Telescopes operating in this band include the James Clerk Maxwell Telescope, the Caltech Submillimeter Observatory and the Submillimeter Array at the Mauna Kea Observatory in Hawaii, the BLAST balloon borne telescope, the Herschel Space Observatory, the Heinrich Hertz Submillimeter Telescope at the Mount Graham International Observatory in Arizona, and at the recently built Atacama Large Millimeter Array. The opacity of the Earth's atmosphere to submillimeter radiation restricts these observatories to very high altitude sites, or to space.
As of 2012, viable sources of terahertz radiation are the gyrotron, the backward wave oscillator ("BWO"), the organic gas far infrared laser ("FIR laser"), Schottky diode multipliers, varactor (varicap) multipliers, quantum cascade laser, the free electron laser (FEL), synchrotron light sources, photomixing sources, single-cycle or pulsed sources used in terahertz time domain spectroscopy such as photoconductive, surface field, photo-Dember and optical rectification emitters, and electronic oscillators based on resonant tunneling diodes have been shown to operate up to 700 GHz.
There have also been solid-state sources of millimeter and submillimeter waves for many years. AB Millimeter in Paris, for instance, produces a system that covers the entire range from 8 GHz to 1000 GHz with solid state sources and detectors. Nowadays, most time-domain work is done via ultrafast lasers.

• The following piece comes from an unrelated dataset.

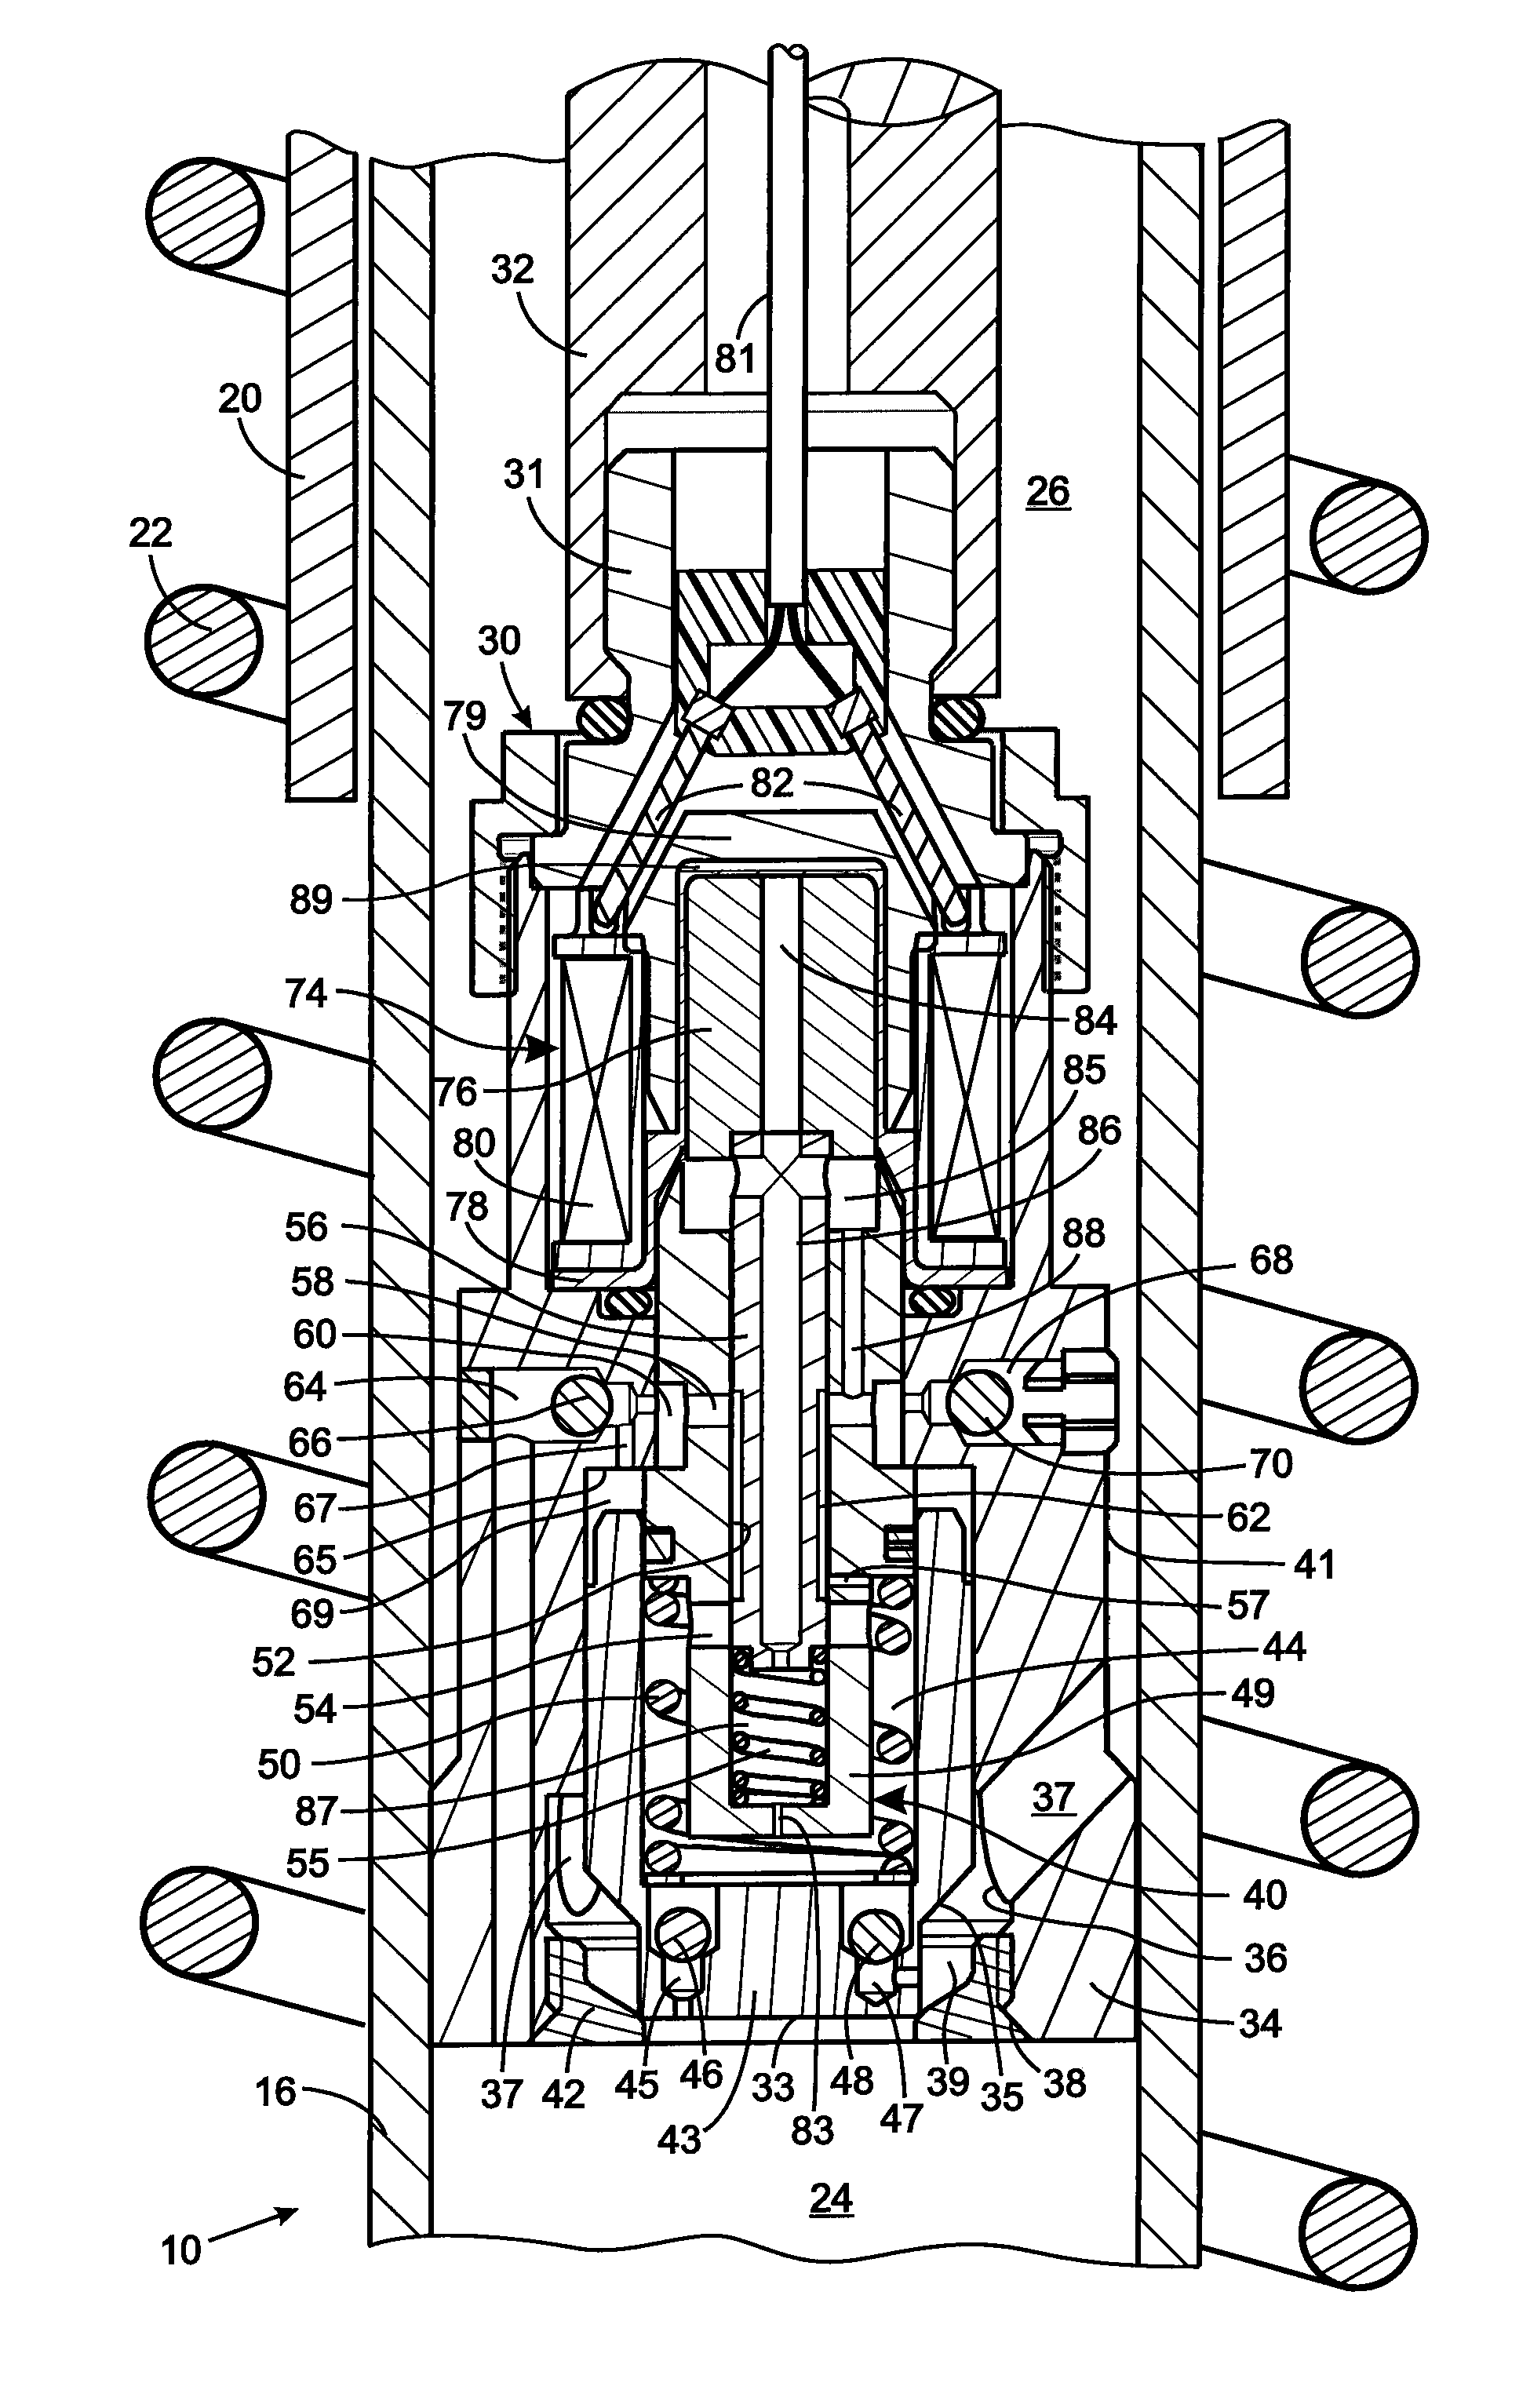 Piston With An Integral Electrically Operated Adjustment Valve For A Hydraulic Vibration Damper

In mid-2007, scientists at the U.S. Department of Energy's Argonne National Laboratory, along with collaborators in Turkey and Japan, announced the creation of a compact device that could lead to portable, battery-operated terahertz radiation sources. The device uses high-temperature superconducting crystals, grown at the University of Tsukuba in Japan. These crystals comprise stacks of Josephson junctions, which exhibit a property known as the Josephson effect—when external voltage is applied, alternating current flows across the junctions at a frequency proportional to the voltage. This alternating current induces an electromagnetic field. A small voltage (around two millivolts per junction) can induce frequencies in the terahertz range.
In 2008 engineers at Harvard University achieved room temperature emission of several hundred nanowatts of coherent terahertz radiation using a semiconductor source. THz radiation was generated by nonlinear mixing of two modes in a mid-infrared quantum cascade laser. Previous sources had required cryogenic cooling, which greatly limited their use in everyday applications.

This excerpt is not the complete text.